The short and sweet:
rsqrtss
is safer and, as a result, less accurate and slower.
sqrtss
is faster and, as a result, less safe.
Why is rsqrtss
safer?
- It doesn't use the whole XMM register.
Why is rsqrtss
slower?
- Because it needs more registers to perform the same action as
sqrtss
.
Why does rsqrtss
use a reciprocal?
- In a pinch, it seems that the reciprocal of a square root can be calculated faster and with less memory.
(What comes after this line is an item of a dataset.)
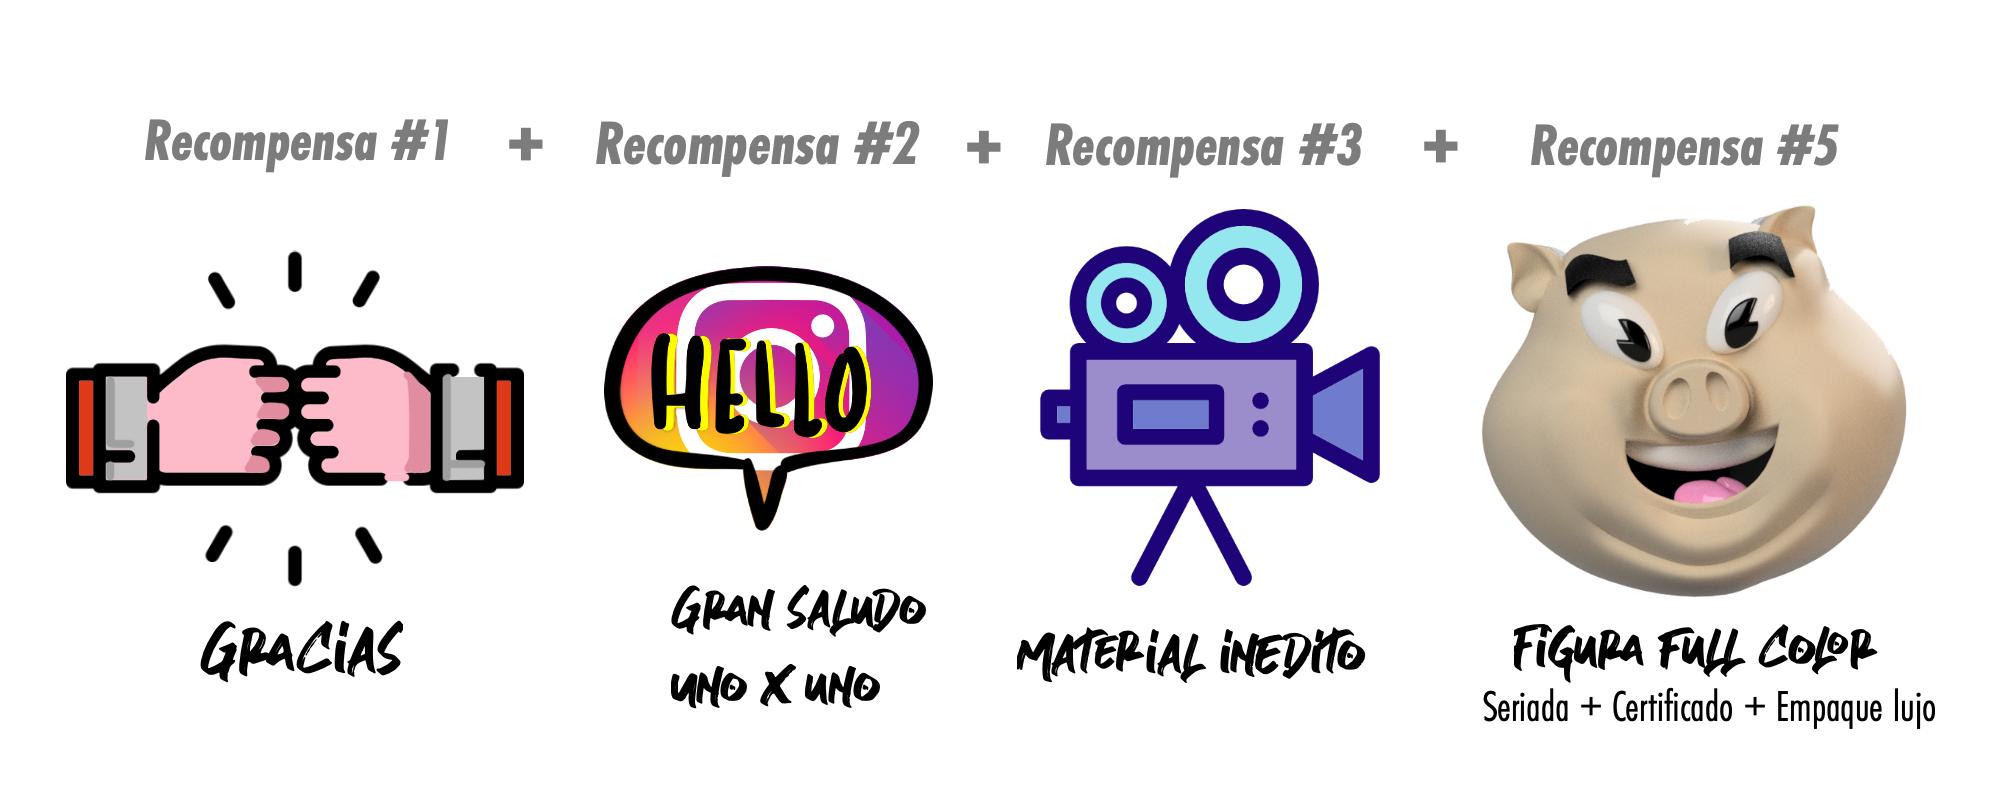 recompensas_combinadas_2.png

Pico-spelenda: Lots of math.
The long and bitter:
Research
What does -ffast-math
do?
-ffast-math
Enable fast-math mode. This defines the __FAST_MATH__ preprocessor
macro, and lets the compiler make aggressive, potentially-lossy
assumptions about floating-point math. These include:
Floating-point math obeys regular algebraic rules for real numbers (e.g. + and * are associative, x/y == x * (1/y), and (a + b) * c == a * c + b * c),
operands to floating-point operations are not equal to NaN and Inf, and
+0 and -0 are interchangeable.
What does -fstack-protector-all
do?
This answer can be found here.
Basically, it "forces the usage of stack protectors for all functions".
What is a "stack protector"?
A nice article for you.
The blissfully short, quite terribly succient sparknotes is:
- A "stack protector" is used to prevent exploitation of stack overwrites.
the stack protector as implemented in gcc and clang adds an additional guard
variable to each function’s stack area.
Interesting Drawback To Note:
"Adding these checks will lead to a little runtime overhead: More stack
space is needed, but that is negligible except for really constrained
systems...Do you aim for maximum security at the cost of
performance? -fstack-protector-all
is for you."
What is sqrtss
?
According to @godbolt:
Computes the square root of the low single-precision floating-point value
in the second source operand and stores the single-precision floating-point
result in the destination operand. The second source operand can be an XMM
register or a 32-bit memory location. The first source and destination
operands is an XMM register.
What is a "source operand"?
A tutorial can be found here
In essence, an operand is a location of data in a computer. Imagine the simple instruction of x+x=y.You need to know what 'x' is, which is the source operand. And where the result will be stored, 'y', which is the destination operand. Notice how the '+' symbol, which is commonly called an 'operation' can be forgotten, because it doesn't matter in this example.
What is an "XMM register"?
An explanation can be found here.
It's just a specific type of register. It's primarily used in floating math
( which, surpisingly enough, is the math you are trying to do ).
What is rsqrtss
?
Again, according to @godbolt:
Computes an approximate reciprocal of the square root of the low
single-precision floating-point value in the source operand (second operand)
stores the single-precision floating-point result in the destination operand.
The source operand can be an XMM register or a 32-bit memory location. The
destination operand is an XMM register. The three high-order doublewords of
the destination operand remain unchanged. See Figure 10-6 in the Intel® 64 and
IA-32 Architectures Software Developer’s Manual, Volume 1, for an illustration
of a scalar single-precision floating-point operation.
What is a "doubleword"?
A simple definition.
It is a unit of measurement of computer memory, just like 'bit' or 'byte'. However, unlike 'bit' or 'byte', it is not universal and depends on the architectures of the computer.
What does "Figure 10-6 in the Intel® 64 and IA-32 Architectures Software Developer’s Manual, Volume 1" look like?
Disclaimer:
Most of this knowlegde comes from outside sources. I literally install clang just now to help answer your question. I'm not an expert.